(Aside from, you know, the really obvious stuff, like being excellent at basketball.)
Thursday morning, when rumors of a new Dwight Howard deal began percolating around Twitter, it was believed that the Lakers, in an effort to finally acquire Orlando's superstar center, would send out not just Andrew Bynum but Pau Gasol as well, getting Al Harrington in return. As the day went on, the winds began to change. Maybe Gasol was involved, maybe not. In the end, he stayed put. The Lakers acquired Howard (along with Chris Duhon and Earl Clark) for Bynum, Josh McRoberts, Christian Eyenga and a lottery-protected first-round pick in 2017. (Why 2017? Because it's the first one the Lakers have available for trading after the Steve Nash deal last month.)
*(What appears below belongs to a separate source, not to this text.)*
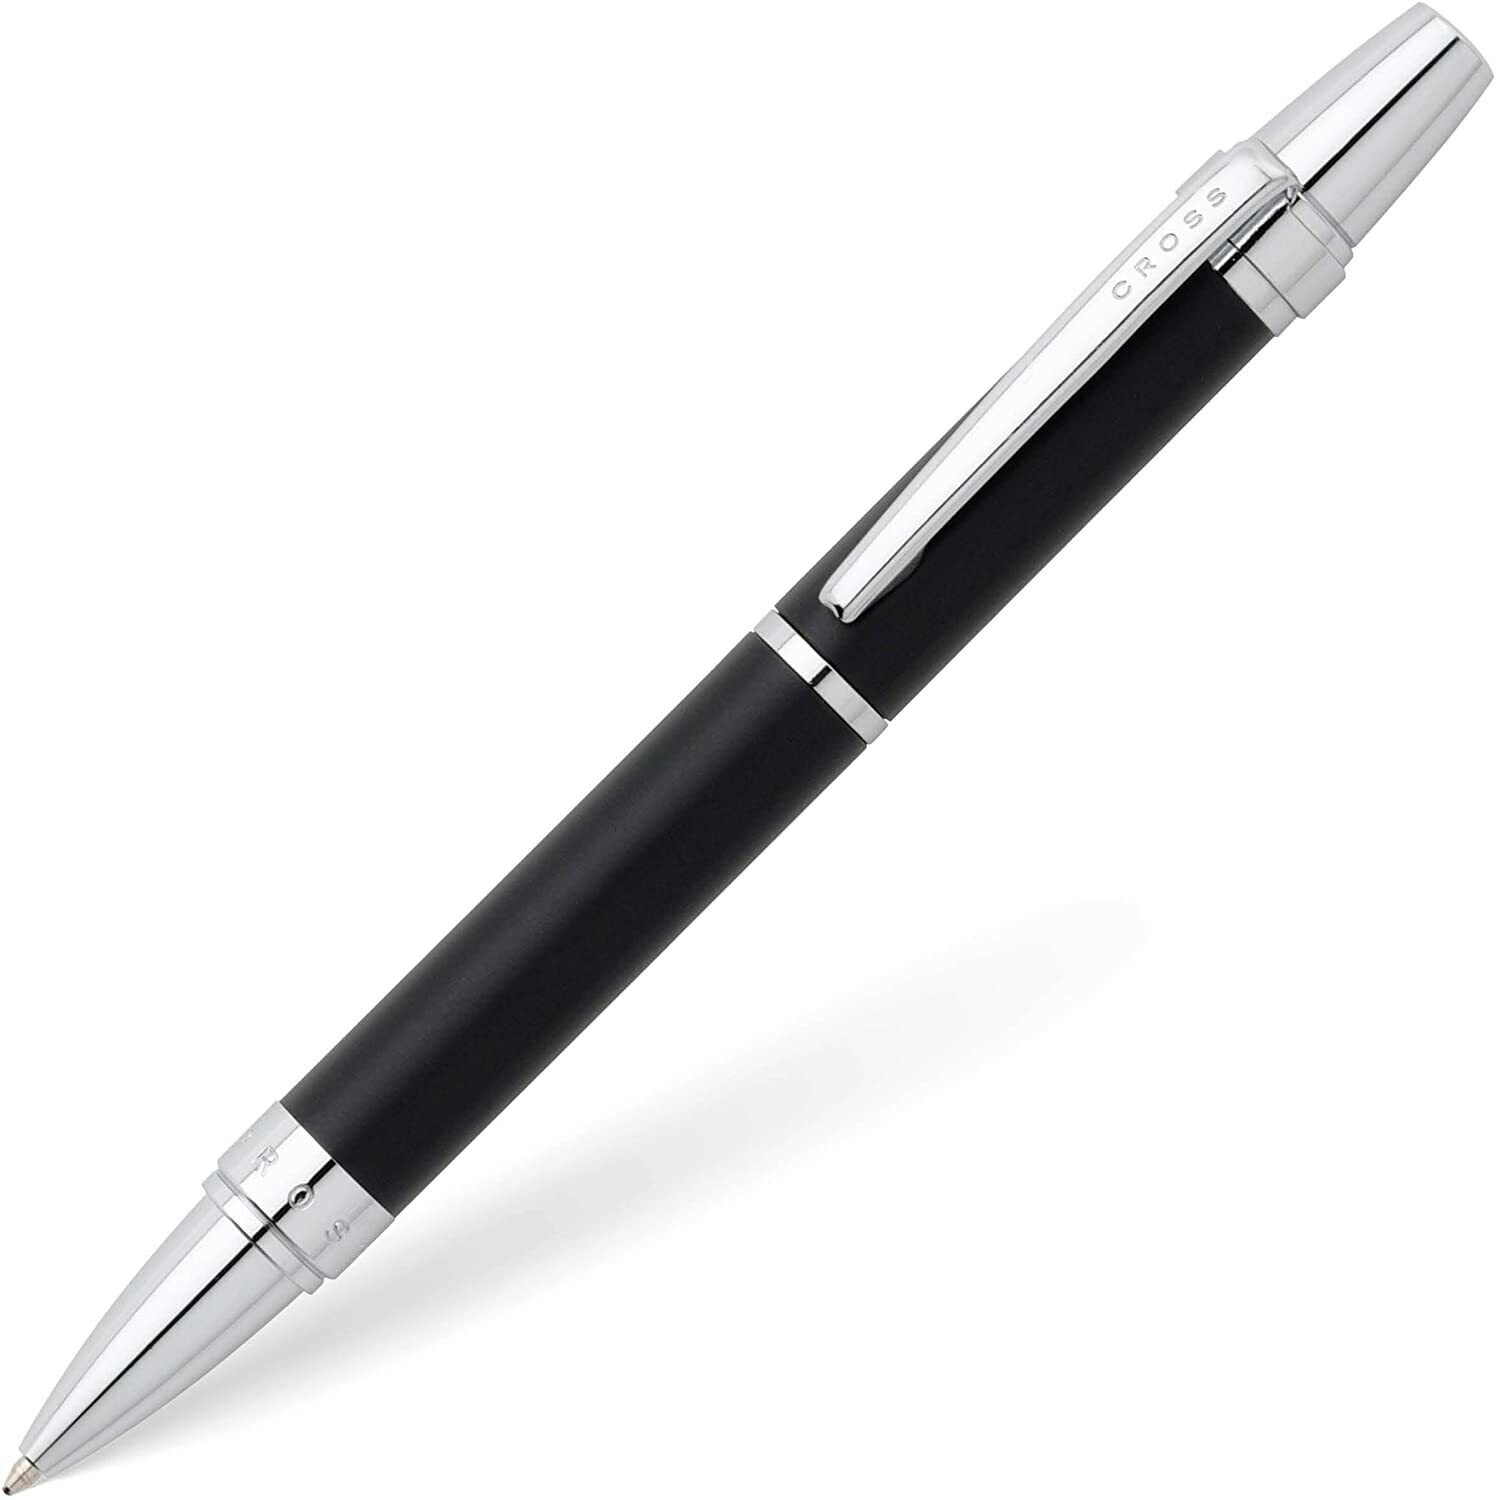 Cross Nile Ballpoint Pen, Matte Black & Chrome, Brand New

Improbable as it might have seemed a few months ago, the Lakers have reinvented themselves as a legitimate top-shelf contender, and Gasol remains in Los Angeles. In the wake of the Howard deal, here are four reasons why that matters so much:
1. Dwight insurance.
Howard may not be ready for the start of the regular season while recovering from back surgery. With Gasol, the Lakers have the ability to accommodate whatever Howard requires to be totally healthy when it really matters. Antawn Jamison slides over to the 4 temporarily, and while the Lakers' bench thins out a little, a starting five of Kobe, Gasol, Nash, Jamison and Metta World Peace is pretty stout. Certainly enough to win some games if Howard needs a little time.
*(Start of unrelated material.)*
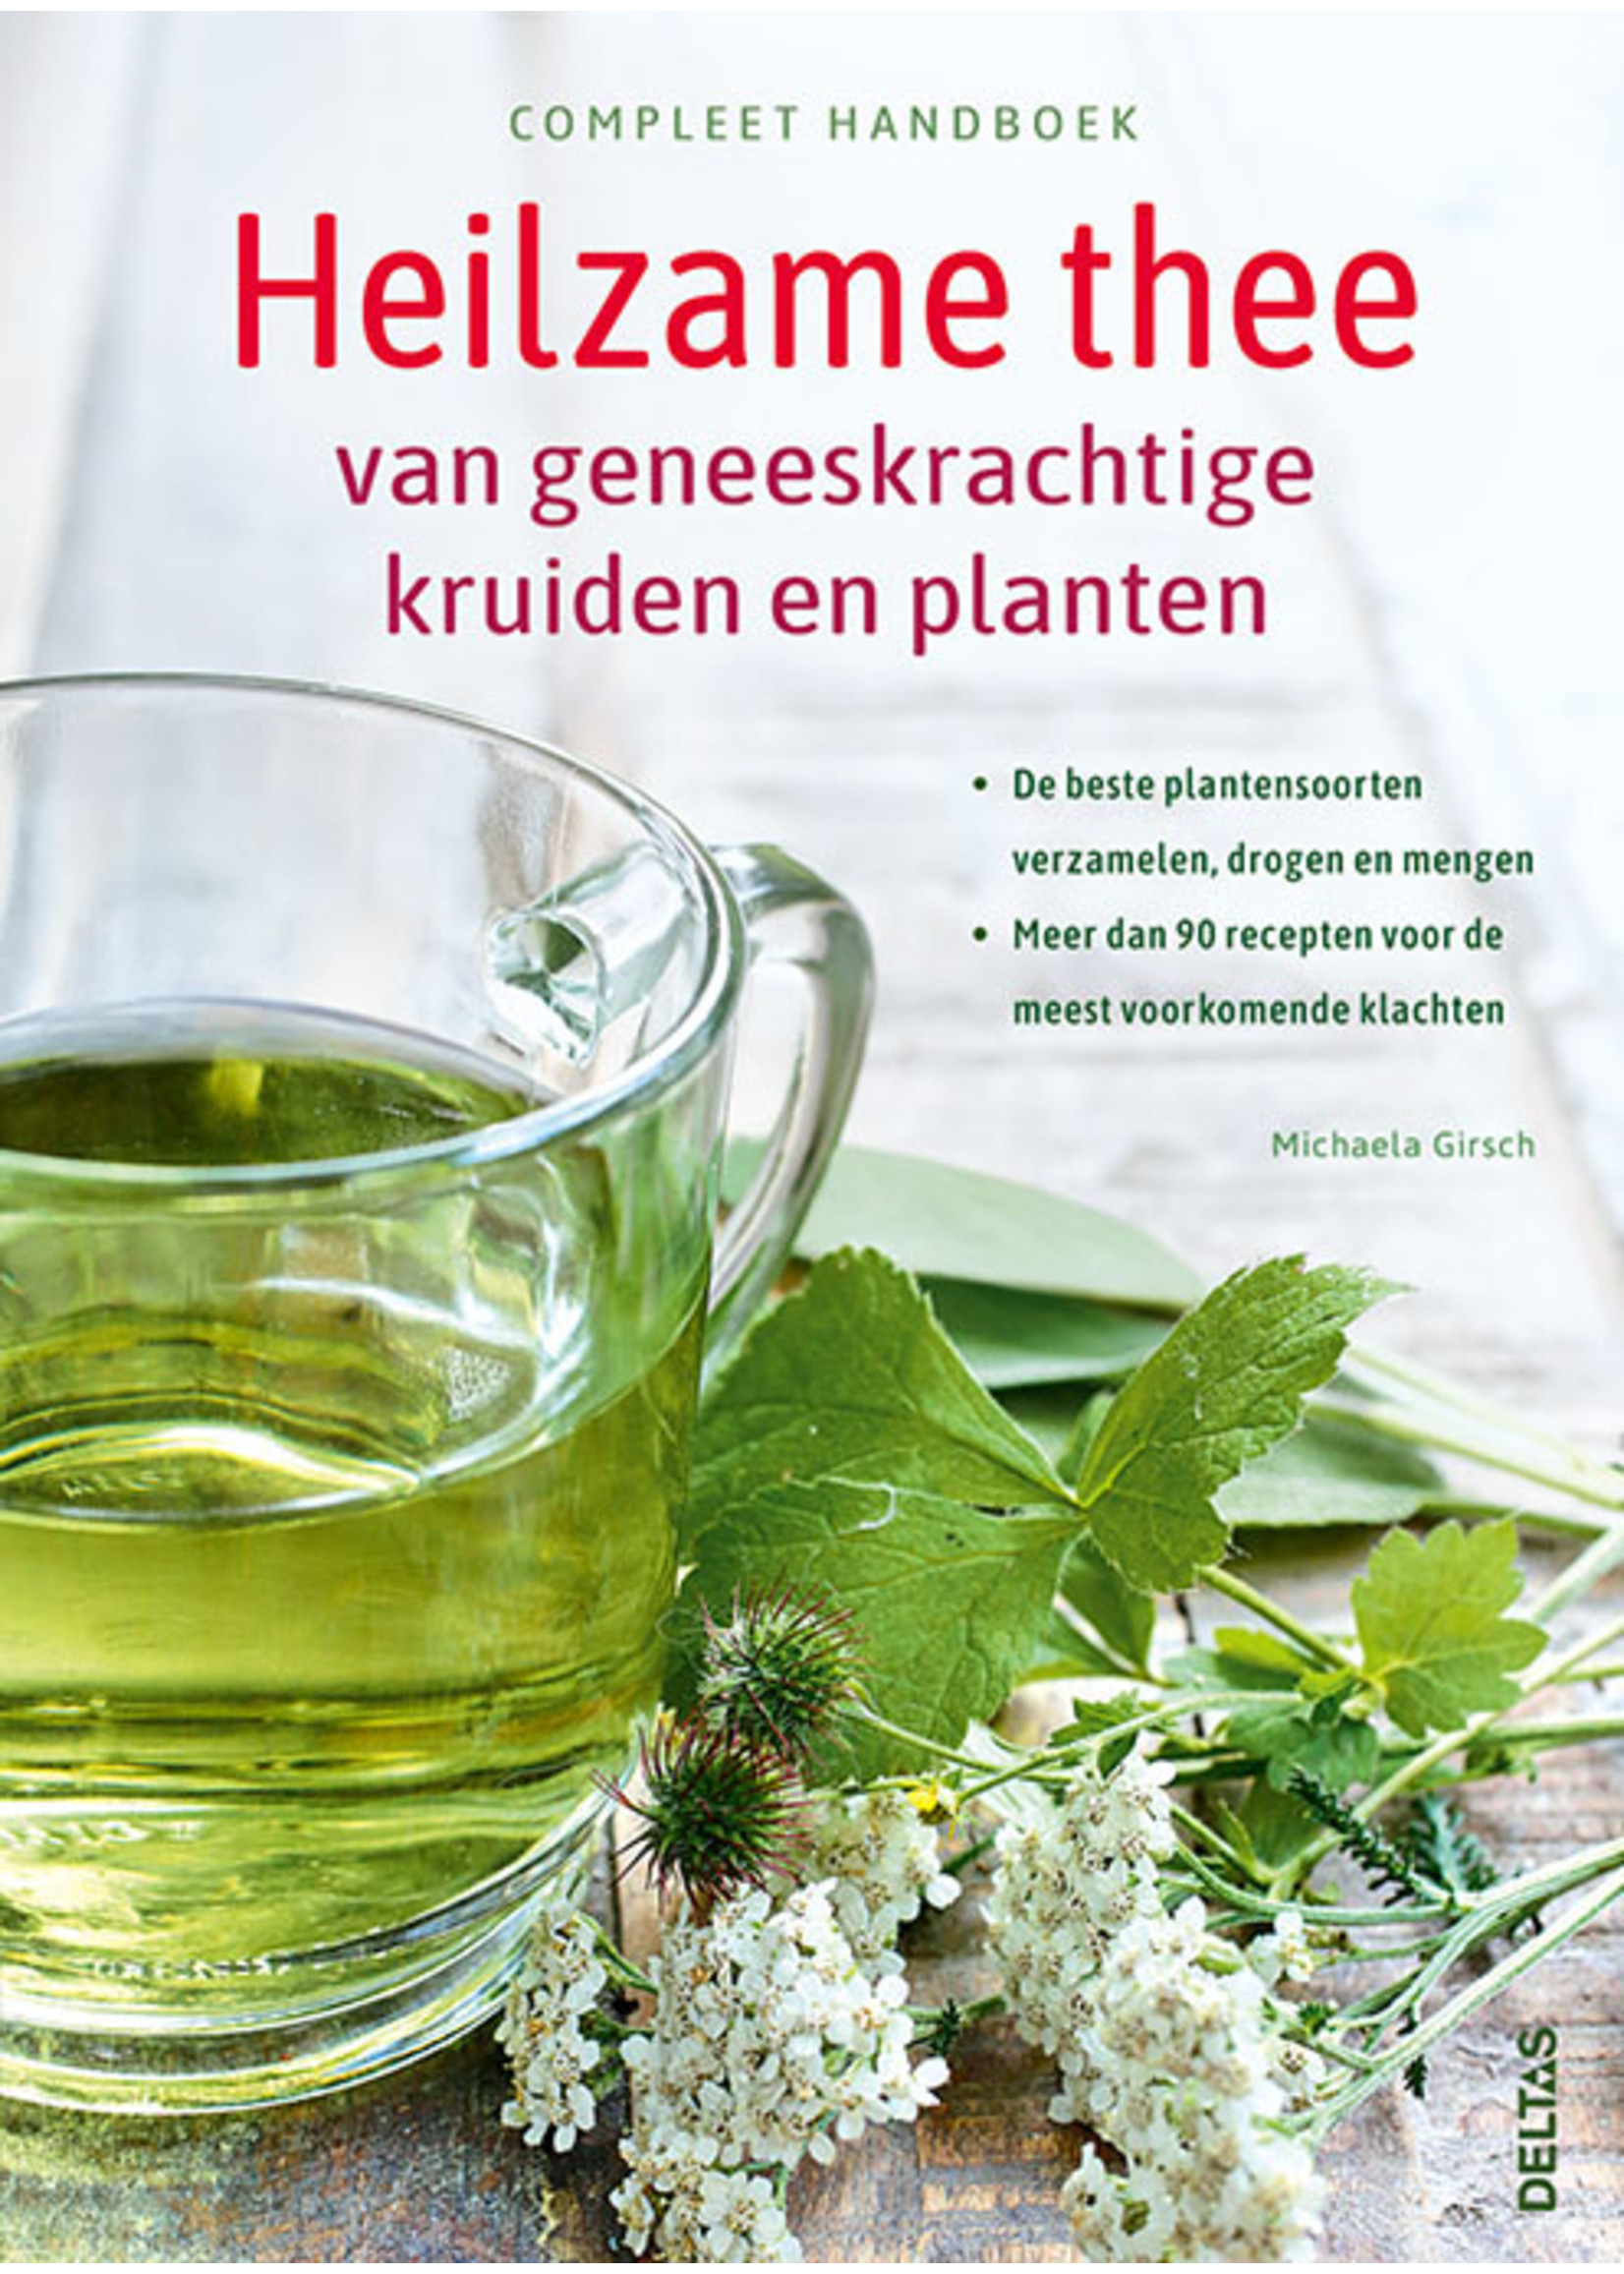 Boek; Compleet handboek Heilzame thee van geneeskrachtige kruiden en planten - Michaela GIRSCH

2. Gasol's versatility will be key.
I'm less concerned than some about the sheer age of the team, but without question, the lesser the burden put on Kobe and Nash the better. In many ways, Gasol does out of the frontcourt what Nash does in the backcourt -- greases the wheels and makes life easier for others, both with his passing and how he can force a defense to react. For a team still not rich with shot creators, losing Pau would have had a profoundly negative impact on the Lakers' offense (bad offense, of course, often leading to bad defense). While Gasol still might not find his way into the post as much as he'd like/his talent dictates, the rest of his skill set adds a completely different dimension to what the Lakers can do, and is integral to keeping the team's backcourt stars fresh. Plus, he's a far better defender than anyone likely replacing him, meaning the Lakers don't forfeit a portion of what Howard brings on that side of the ball.
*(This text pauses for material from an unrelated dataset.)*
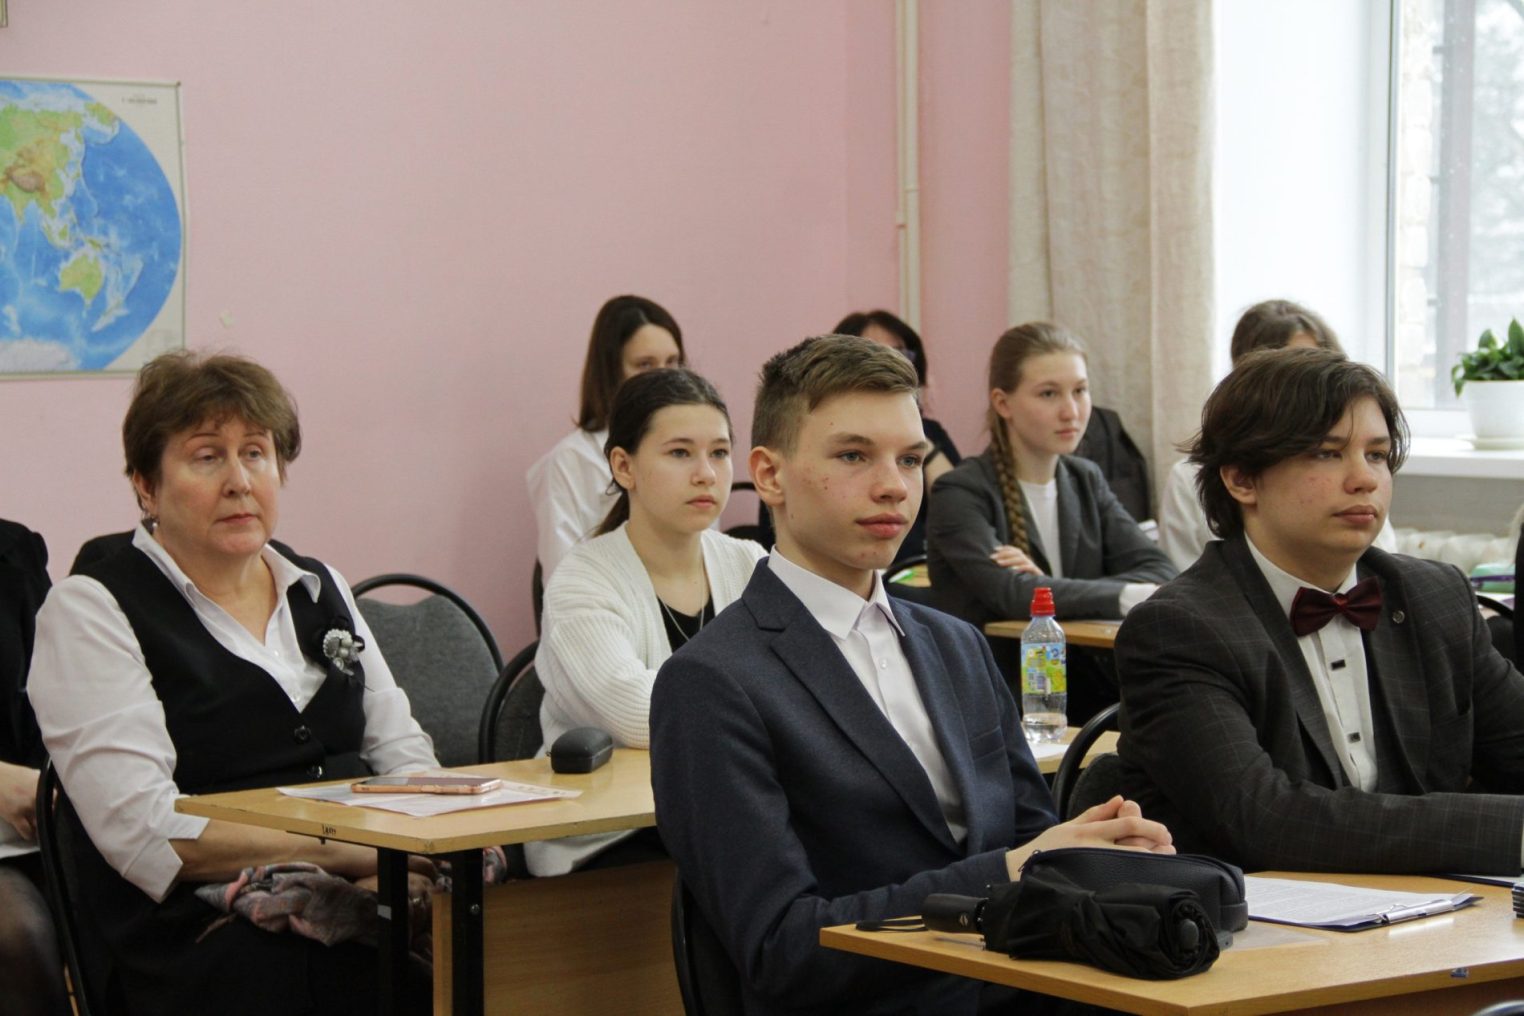 26-й раз в Костроме проходит научный форум для молодёжи «Шаг в будущее»

3. The Lakers need givers.
Having "too many" highly talented players on the roster is one of those quasi-problems that every GM in the league would love to tackle, but nonetheless presents challenges. Statistically at least, the four stars will all have to sacrifice for this to work effectively. Having Gasol, who last season demonstrated a willingness to play a role outside his comfort zone without complaint and who plays with an unflinching team-first ethic, only helps the endeavor. Granted, had Gasol been traded we'd be talking about three guys having to share instead of four, but I'd much rather have another talented guy who models the necessary mindset over role players without the skill to merit a larger profile.
4. The Lakers need talent.
And here's the big one.
A core of Howard, Bryant, and Nash ain't bad, but without Gasol, the Lakers would have been a much thinner group with almost zero ability to absorb injury. Jamison likely would have moved into the starting lineup, by definition eliminating his impact off the bench and likely leaving the Lakers short on scoring from their reserves. That's not a roster taking down Oklahoma City and Miami in the playoffs. So while the Lakers would have had their star of the post-Kobe era, they likely would have lowered their title chances had Gasol joined Bynum on the exit ramp and undercut the moves coming before the Howard trade.